A week later I heard what I expected to hear: the committee didn’t agree. If I wanted to quit, my name would be put on the non-active list and I would have to sever all ties with the party.

Sever all ties? That wasn’t what I wanted. I couldn’t opt for a safe life while my comrades continued to battle the mullahs. How could I just sit there, comfortably watching TV with my wife and child, while an imam announced that “The police have arrested the last of God’s enemies. A stencil machine was found in their hiding place.”

It was too late for me to lead an ordinary, bourgeois life. My comrades were right: we had to say no to the mullahs who had brought the Iranian people to their knees. We had to say no, to shout no! Even if no one heard us now, because sooner or later we would be heard.

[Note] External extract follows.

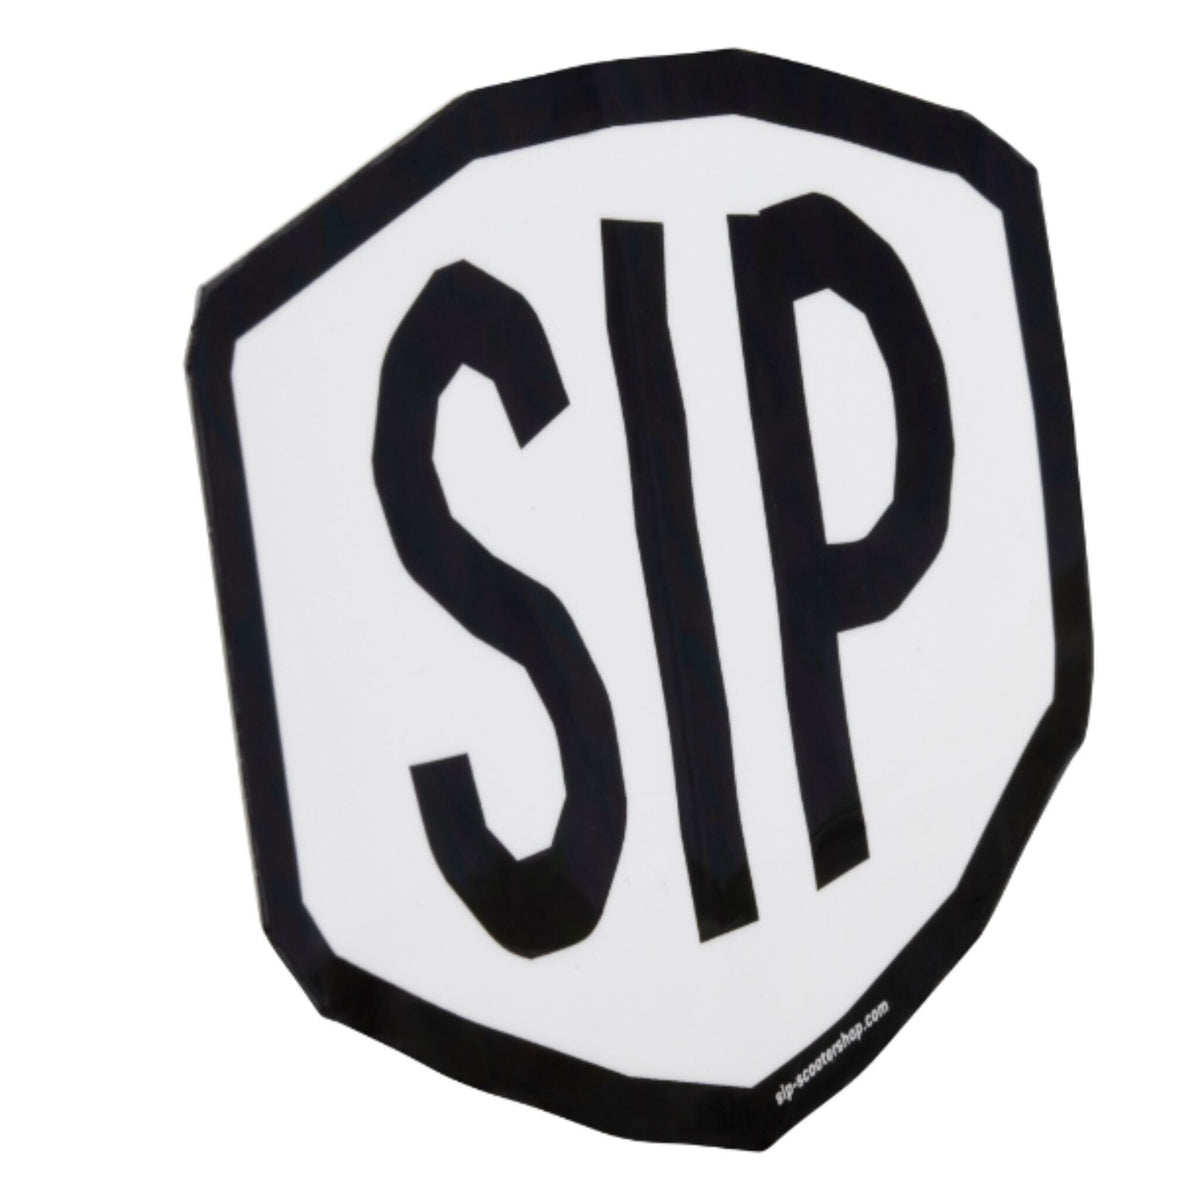 SIP Tape Logo Sticker - 70mm x 55mm - White

Now that I had made my opinion known to the party, I felt better. I went back to work.

   

Six weeks later, I drove to the usual place to deliver the news sheets to my contact person, but he didn’t turn up. He was supposed to be waiting for me by the phone box in the loading zone behind the Tehran bazaar.

Normally, when I saw him, I parked my car in the lorry-loading
area, got out and opened the boot, as if I were an ordinary businessman. My contact person then wheeled a cart over to the car and took the boxes from me.

This time, however, he wasn’t there. I drove around the car park for a second time, just to make sure. There was still no sign of him.

Yesterday afternoon, everything had been OK. The word
salaam
had been written on the fence. If something had happened, it must have happened after that.